● Extracted material:
---+---

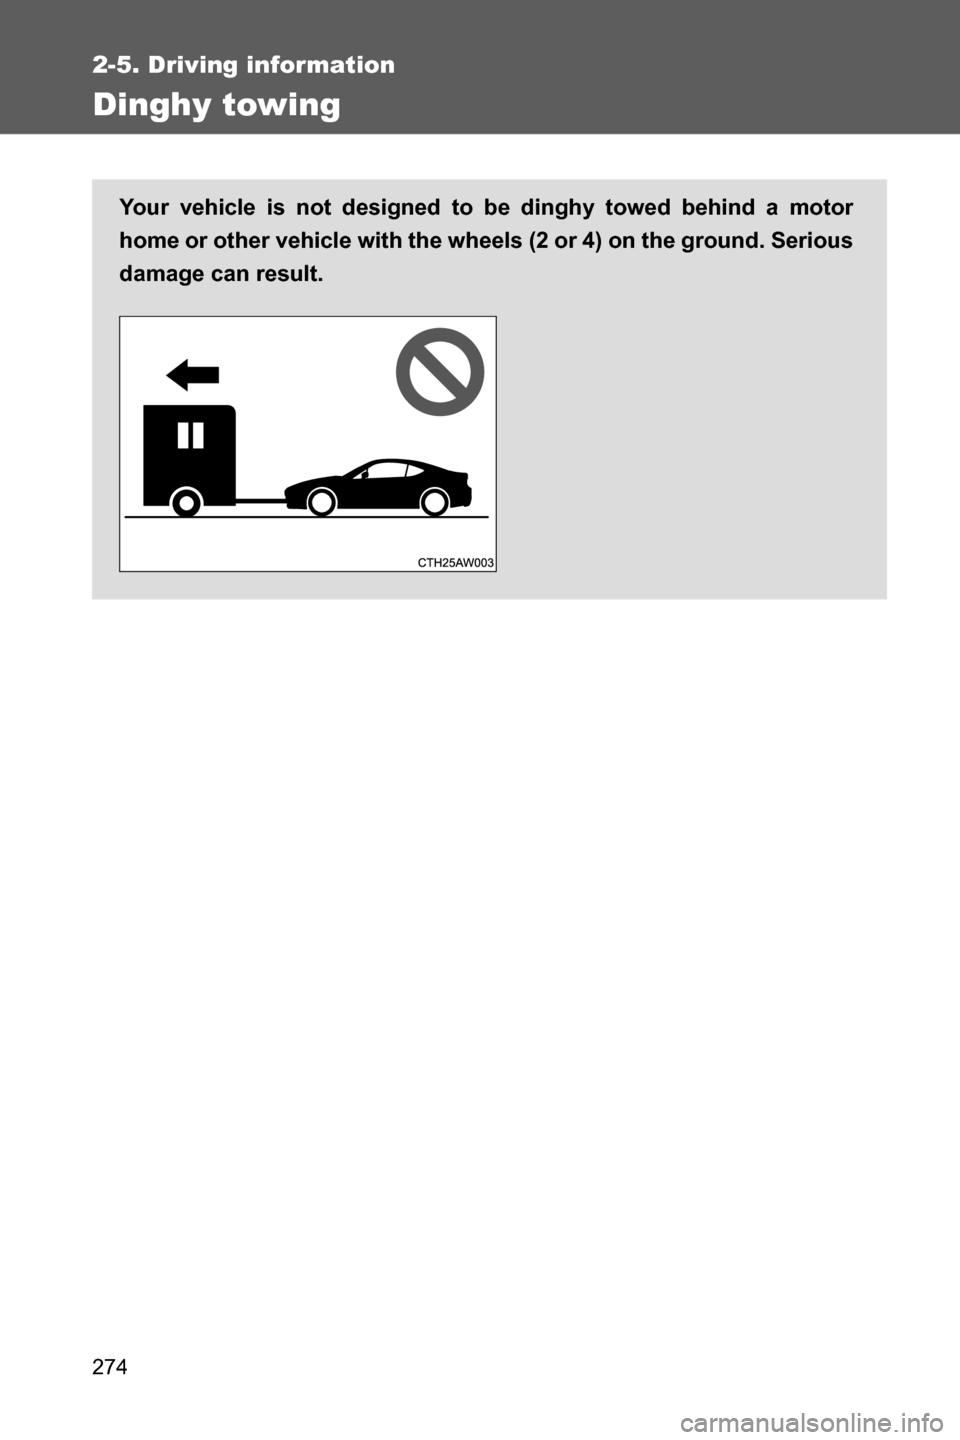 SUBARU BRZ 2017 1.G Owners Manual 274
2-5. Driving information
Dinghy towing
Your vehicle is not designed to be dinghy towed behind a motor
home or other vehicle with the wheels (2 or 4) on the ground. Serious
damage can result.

---+---

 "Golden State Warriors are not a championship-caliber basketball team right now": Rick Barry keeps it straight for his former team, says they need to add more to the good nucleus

---+---

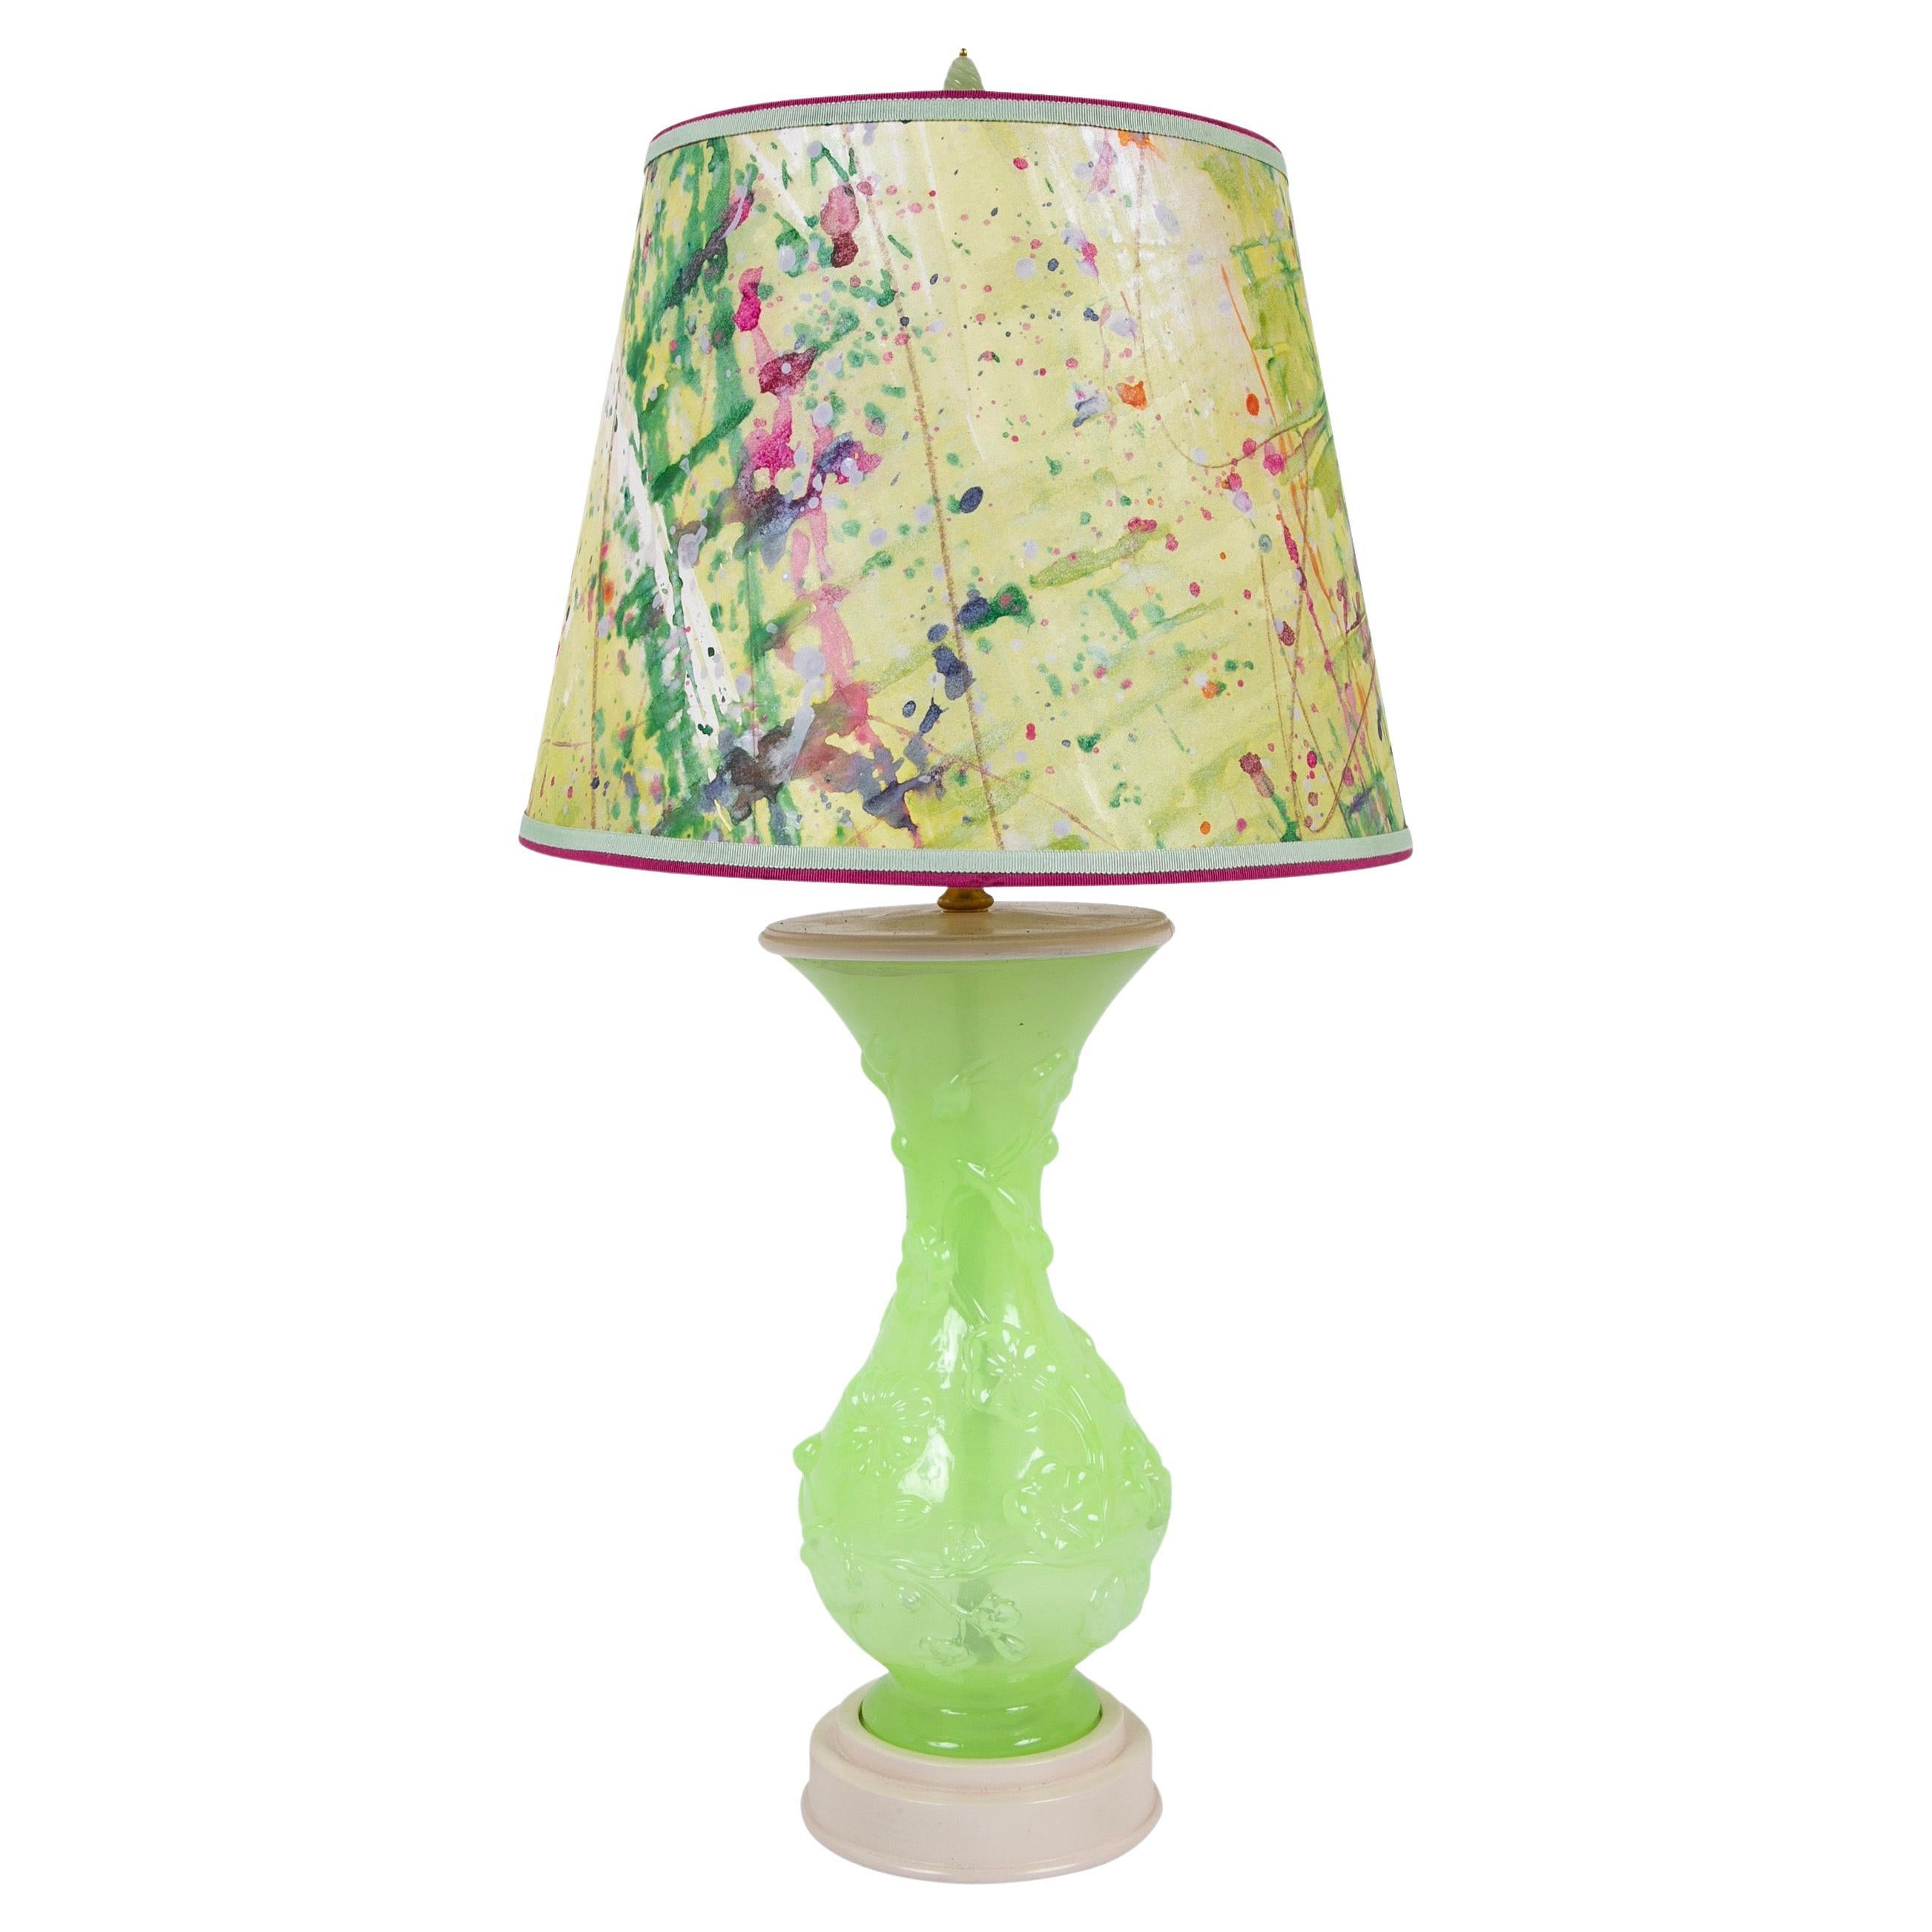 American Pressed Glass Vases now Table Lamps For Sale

---+---

● Aim of the exercise: Select every line of the material above holding the word "vehicle" and copy it.

● Exercise result:
Your vehicle is not designed to be dinghy towed behind a motor
home or other vehicle with the wheels (2 or 4) on the ground. Serious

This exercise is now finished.